メタルジグの使い方|1投の組み立てと、釣れないときに変える順番

メタルジグの使い方|1投の組み立てと釣れないときに変える順番 シーバス・ショアジギング

メタルジグの動かし方は、いろいろな記事に書いてあります。ただ巻き、ワンピッチジャーク、フォール——名前は知っている人も多いと思います。

でも実際に堤防に立つと、こう思うはずです。

「で、それをどういう順番でやればいいの?」

この記事では、投げてから回収するまでの1投の組み立てと、釣れないときに何から変えるかを書きます。技の説明ではなく、使い方の話です。

⭐ 僕の基本の1投|投げてから回収まで

まずは、いつもやっている流れをそのまま書きます。

  1. 投げる
  2. 着底まで待つ
  3. ワンピッチジャークを5回
  4. また沈める
  5. 3と4を繰り返す(手前20mくらいまで
  6. 手前まで来たらただ巻き、またはトゥイッチ
  7. 回収

ポイントは「5回しゃくったら、また沈める」を繰り返すところです。

それと着底したら、置いておかずにすぐ動かします。メタルジグでボトムステイ(底で止める)はしません。

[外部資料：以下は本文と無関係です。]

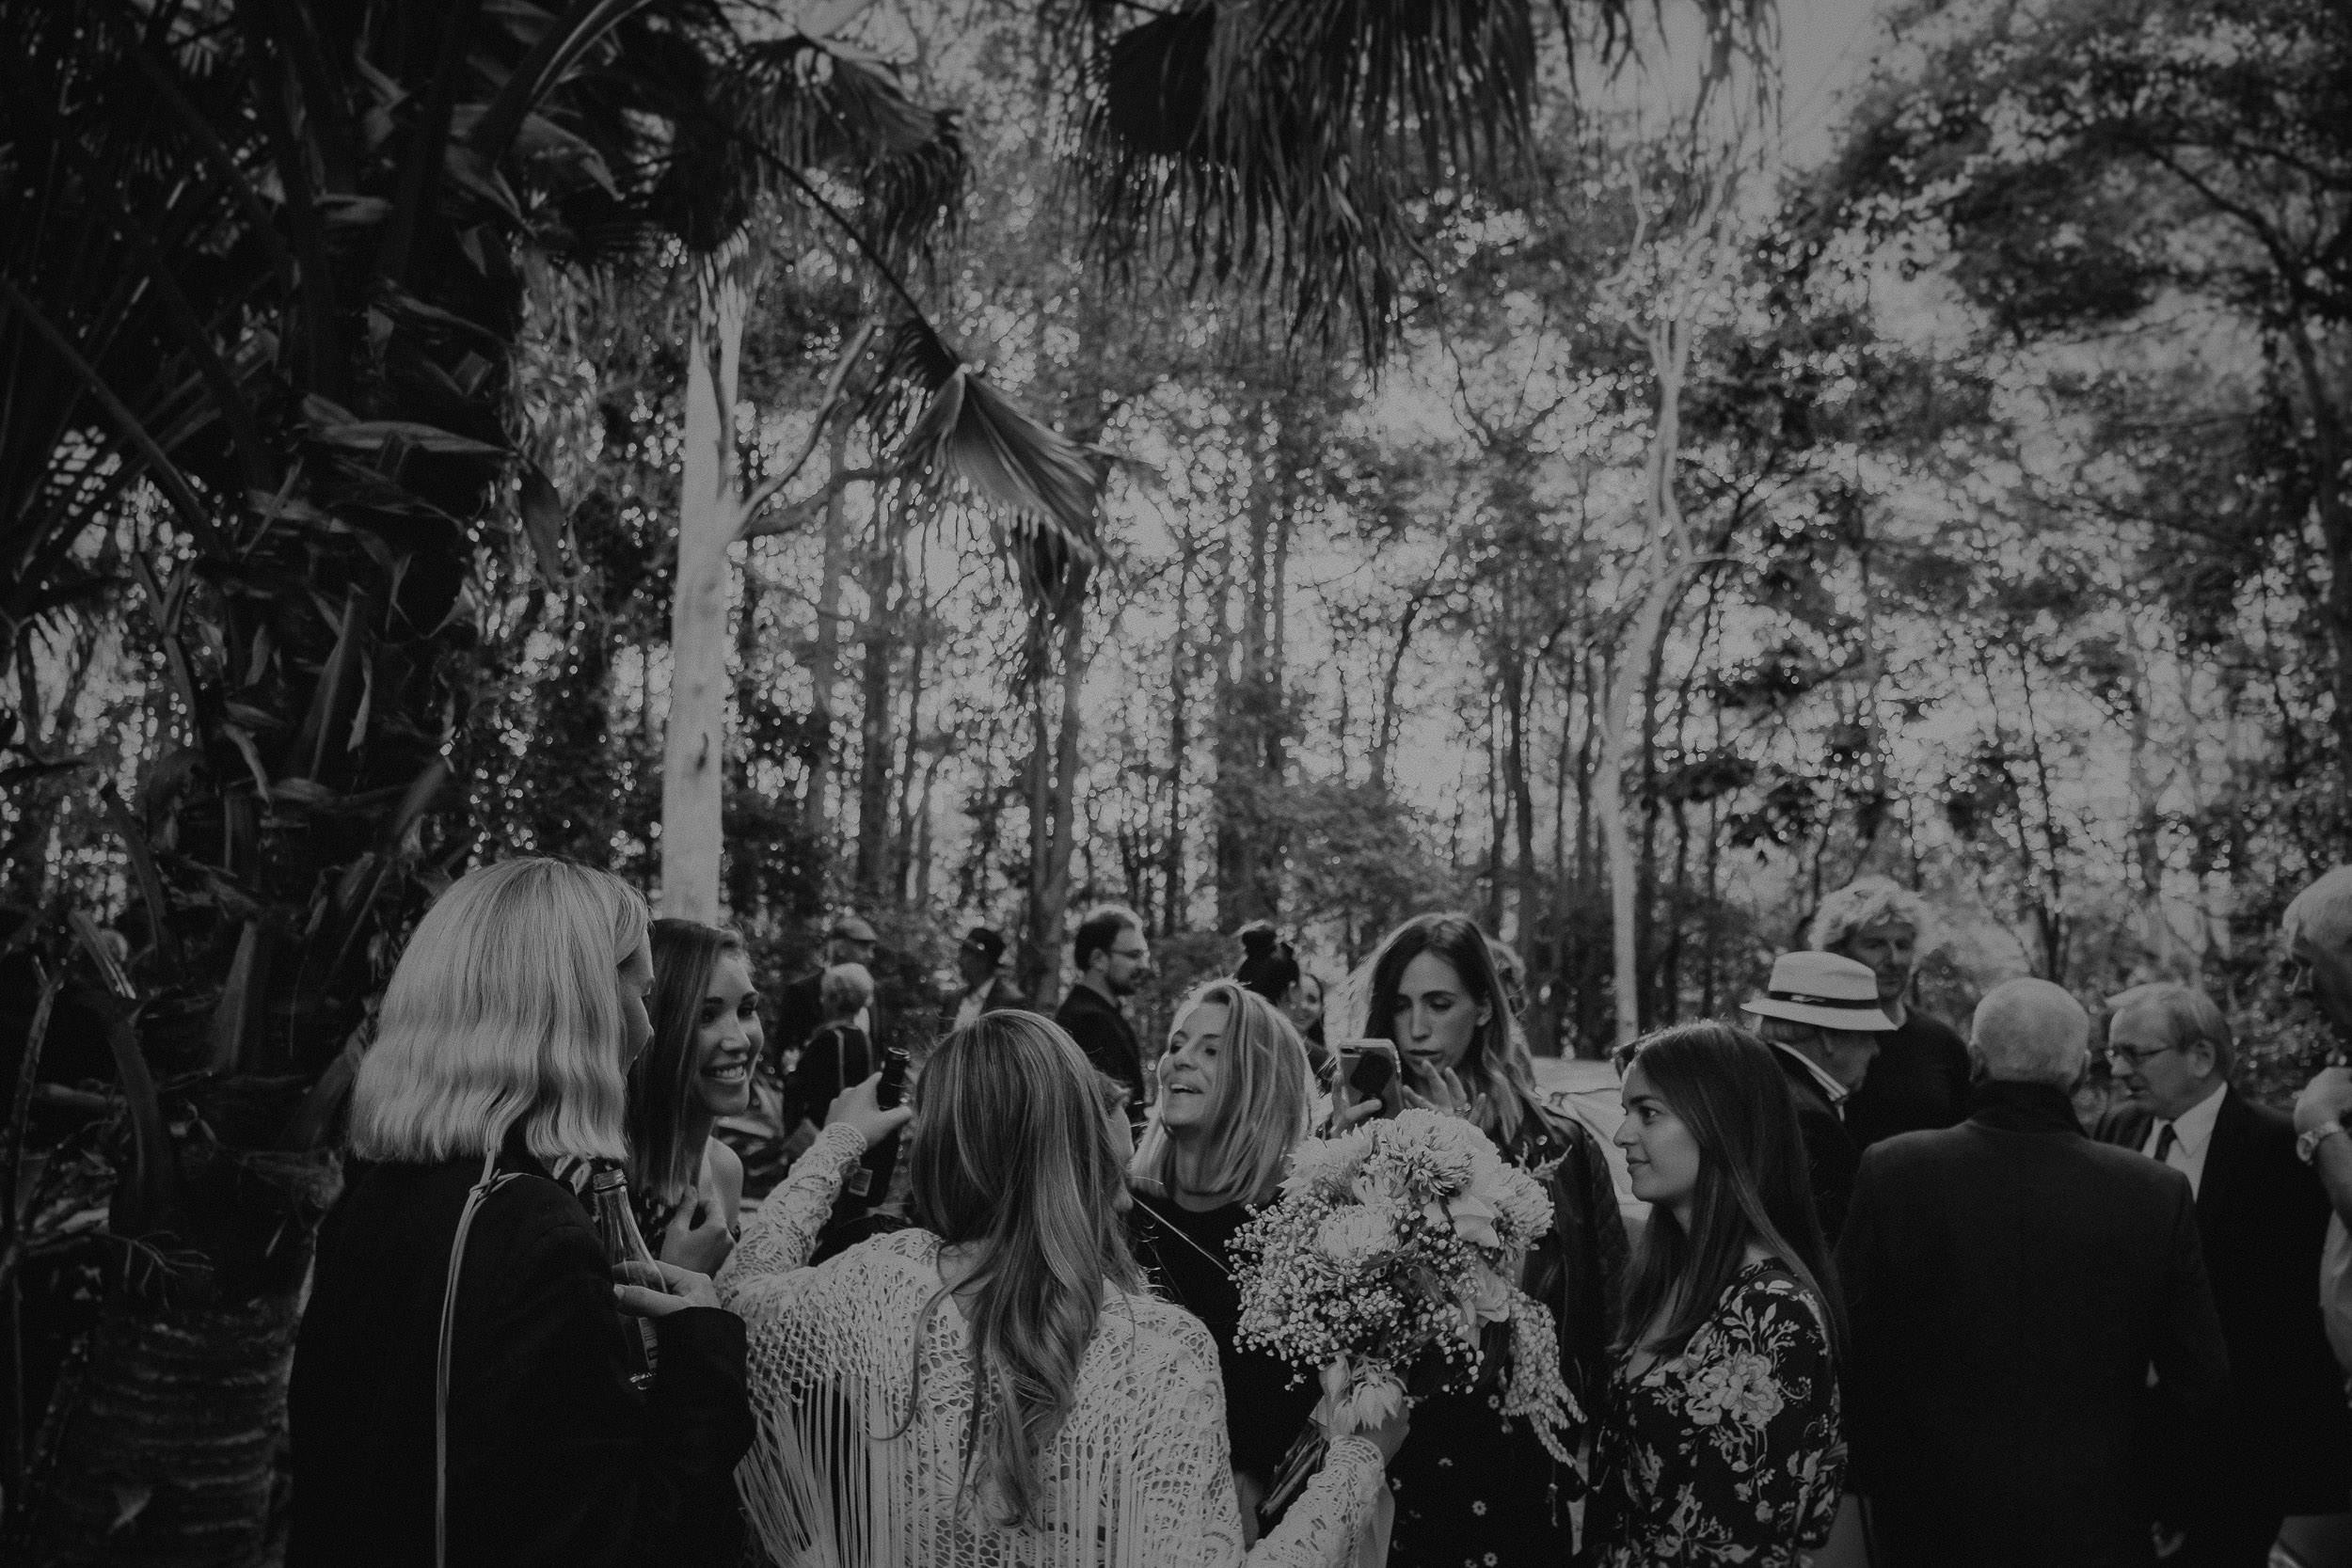 S&A Elopement - Kings & Thieves - Shred 'Til Dead - Central Coast Beach Forest Wedding - 342.jpg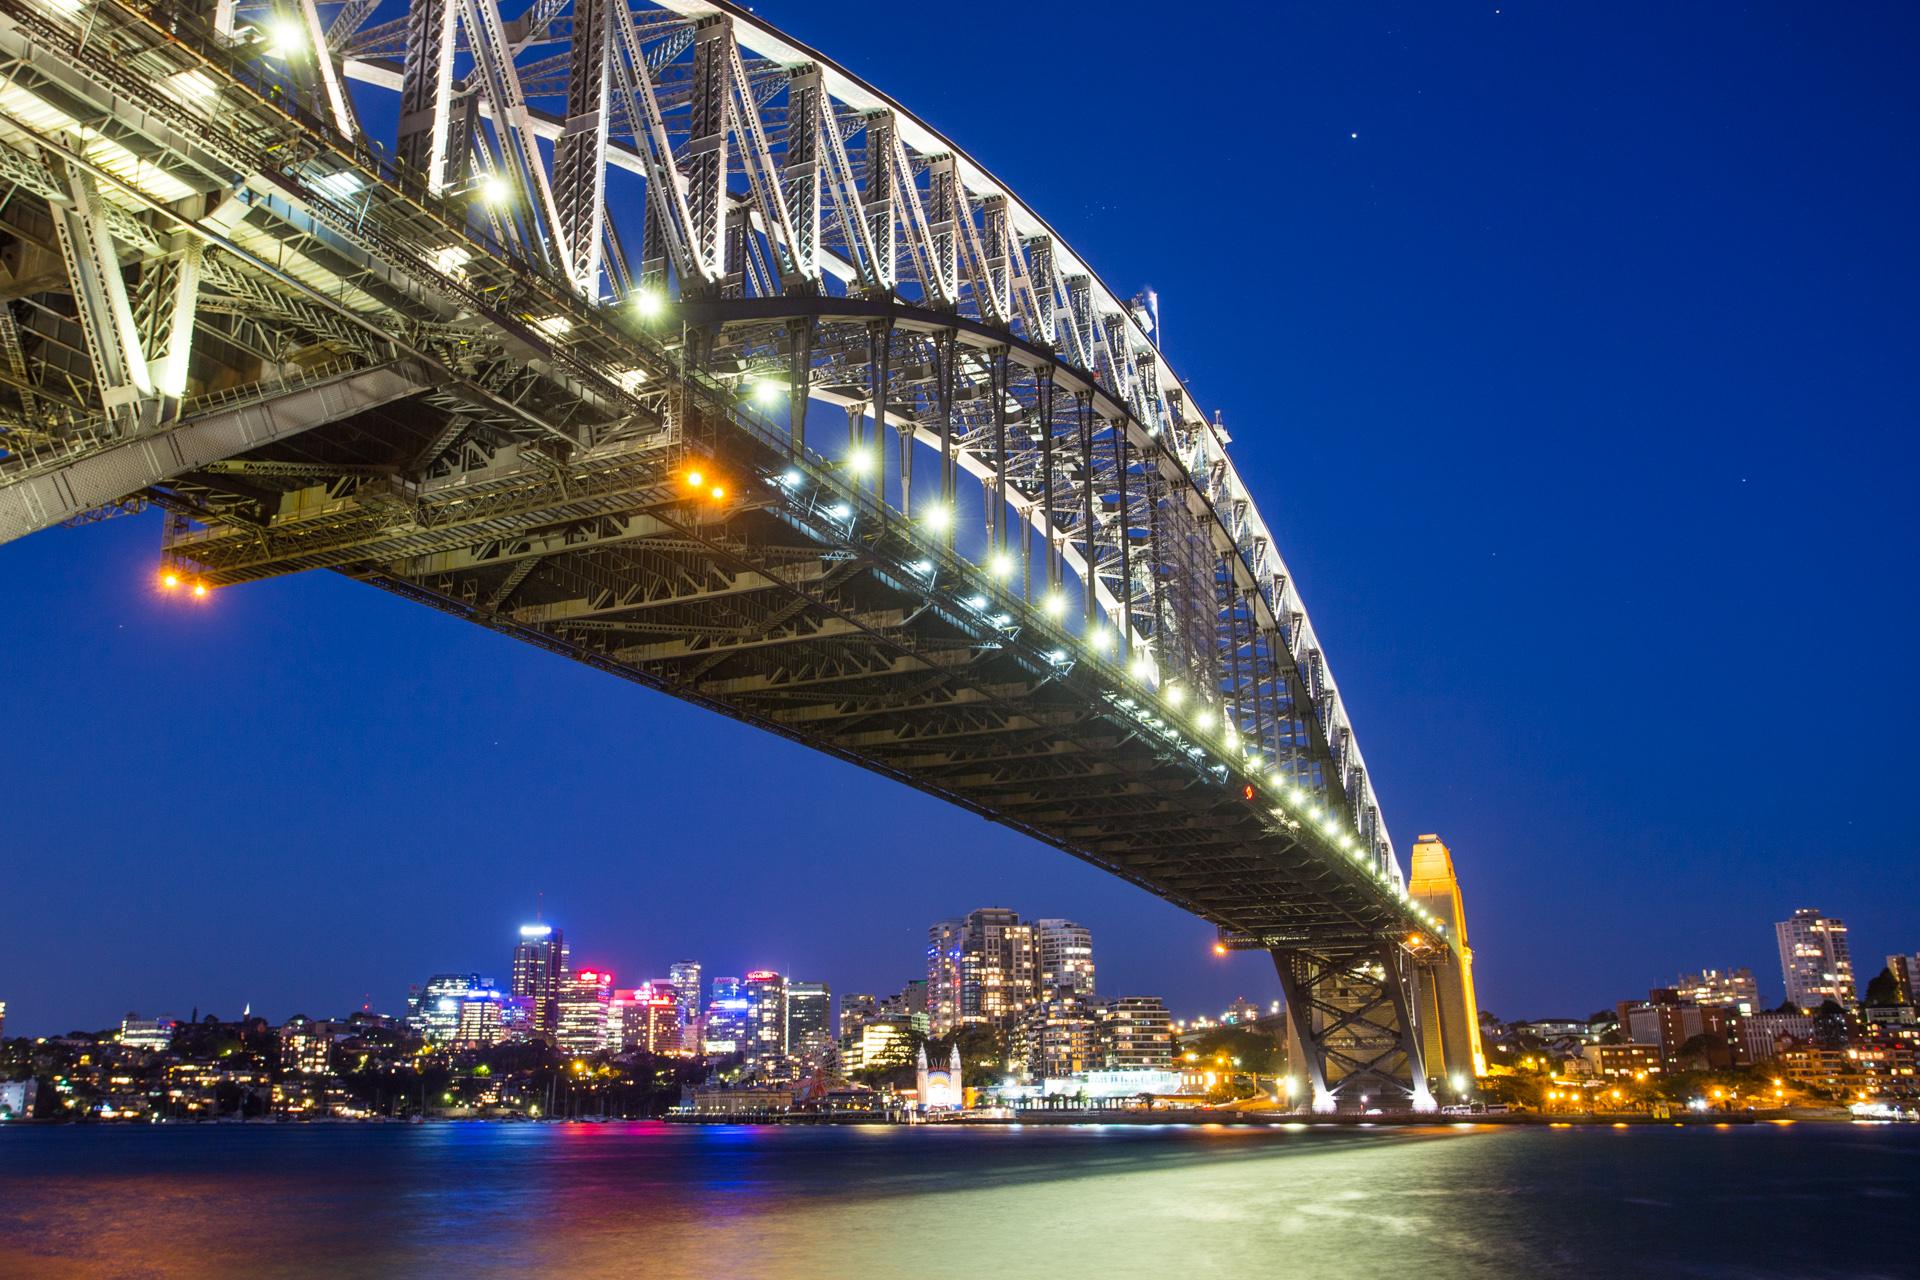 100 free online dating australia in Sydney

底に置いておくと根掛かりしますし、ジグは動いていないと魚に見向きもされないルアーだからです。ワームは逆で、止めたほうが食ってくるのですが、そこが大きな違いです。

しゃくり続けると、ジグはどんどん上へ上がってきます。それだと底のほうを探れる時間が短くなる。だから途中で沈め直して、底付近をキープしながら手前に寄せてきます。

手前20mからは、動かし方を変えます

手前20mくらいまで来たら、ワンピッチをやめてただ巻きかトゥイッチに切り替えます。

足元近くまで魚が追ってきていることは、実際にあります。最後まで気を抜かないためにも、回収までの数十メートルは動かし方を変えて誘うようにしています。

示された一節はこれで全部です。